- Police Beat
- The Forecaster
Uneasy about your job security? Nothing will make that worry be gone quicker than a toke of worry-b-gone. Because the most secure profession in Maine is marijuana dealer.
Of course, selling pot for recreational purposes is still illegal in this state. But stoners who retail weed for a living aren’t concerned. The chances of getting busted are minimal. The cops have more important things to do than chase small-scale transactions in the golf club parking lot with corporate executives who like a little sticky-icky after their game.
But won’t the impending arrival of legal “adult-use” marijuana (a euphemism that makes rolling a joint sound like playing with a sex toy) have a negative impact on the black market? If you think so, you must be high. Under the regulations being tweaked by Augusta bureaucrats, pot shops will be subject to so much red tape that the price they’ll be forced to charge will be significantly greater than under the current shadowy system.
Need proof? Consider the medical marijuana marketplace. For the first four years after legalization, pot sales from licensed dispensaries to people with qualifying health issues surged, growing from $7.8 million in 2013 to $26.6 million in 2016. Since then, even though the Legislature expanded the list of qualifying conditions for which the kind herb was considered beneficial, there’s been steady erosion.
That’s because the clinics have to charge higher prices than licensed caregivers, who aren’t as stringently regulated. Caregivers (another idiotic euphemism) are supposed to be limited to growing ganja for a maximum of five patients, but have found it easy to increase their customer base. First, they rotate the five people they’re entitled to serve, so there’s always an open slot. Second, many of them moonlight as illegal dealers.
Being a caregiver is the ideal cover for illicit sales, providing plausible explanations for all the little clues that previously would have given a pot producer away, such as excessive electric bills, large purchases of assorted plant-growing products or a certain distinctive odor. With those old-fashioned red flags neutralized, it’s a simple matter for caregivers to conceal the extra plants they grow for their lucrative side business.
In Massachusetts, where retail pot is subject to crushing state oversight (not to mention rampant corruption), the Boston Globe reported, “About 75 percent of the state’s cannabis sales this year will take place under the table, according to industry analysts.”

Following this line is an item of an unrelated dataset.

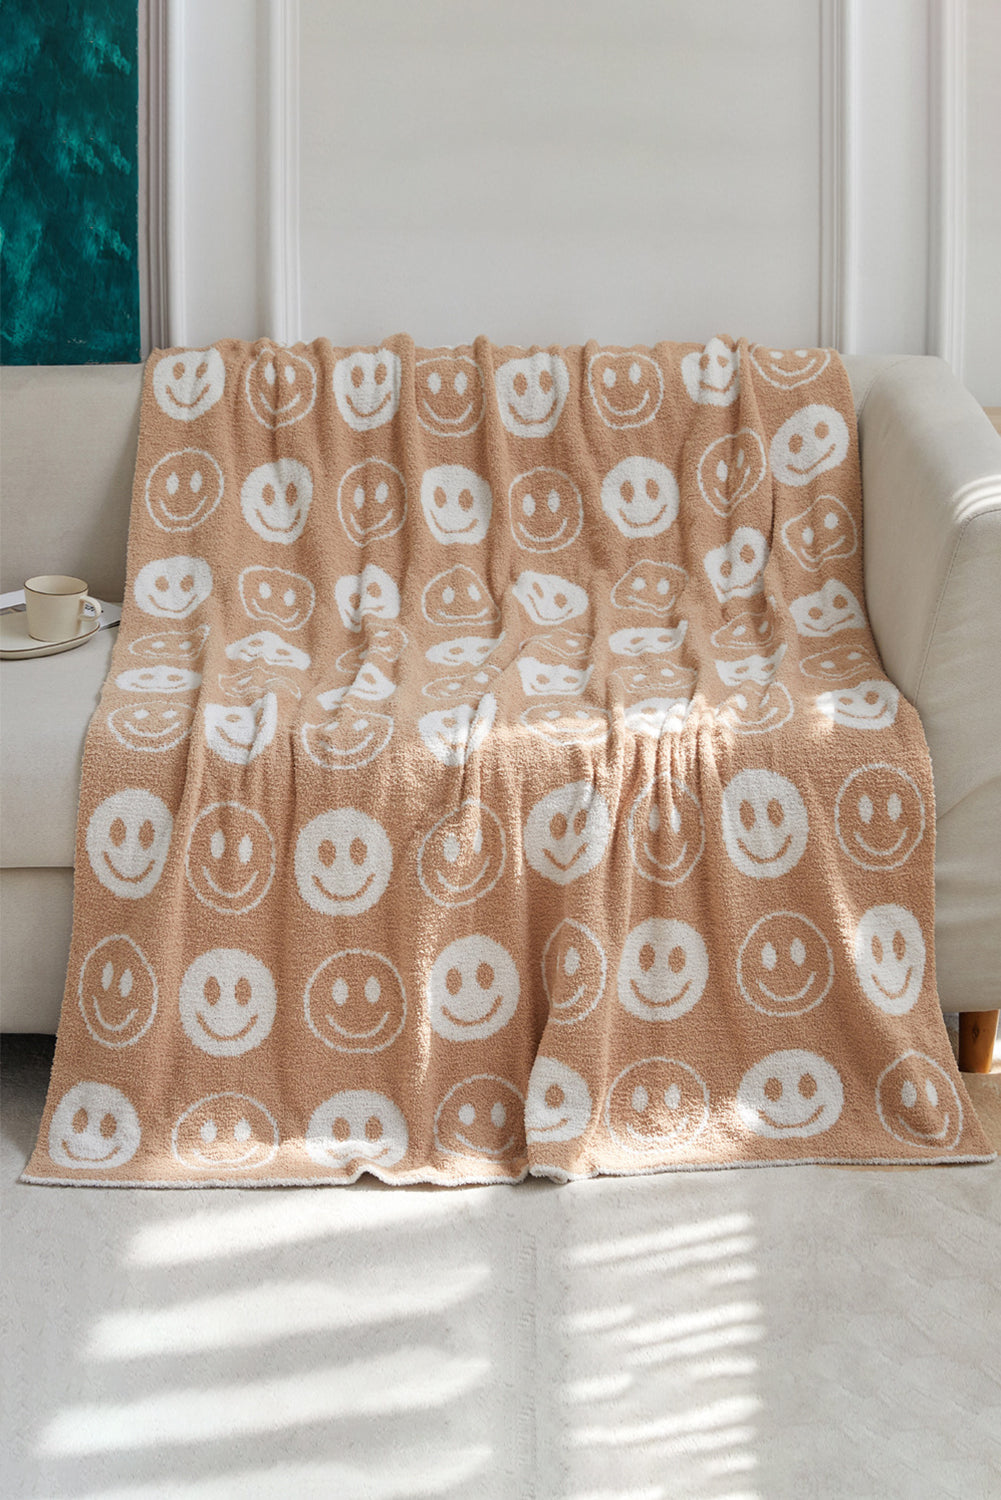 Beige 127x152cm Smile Flannel Fall Winter Blanket

If that’s correct, the dollar value of the Bay State’s black market is staggering. The Globe said legal pot shops have sold $104 million worth of product between November and the beginning of May, which means illegal sales amounted to over $300 million in the same period.
Maine’s market, both black and white, is obviously much smaller. But there’s ample evidence to indicate that illegal sales here amount to $100 million a year or more. And it’s all tax-free.
Legal retail sales, with their higher prices, will take a small portion of that mind-altering brownie, but it’ll mostly be just crumbs. Only the timidest of cannabis customers will shop regularly at legitimate outlets. The rebellious majority will continue to patronize their friendly neighborhood weed dealer, until such time as lawmakers learn to accept reality.
Which, of course, will be never.
Can’t ask for better job security than that.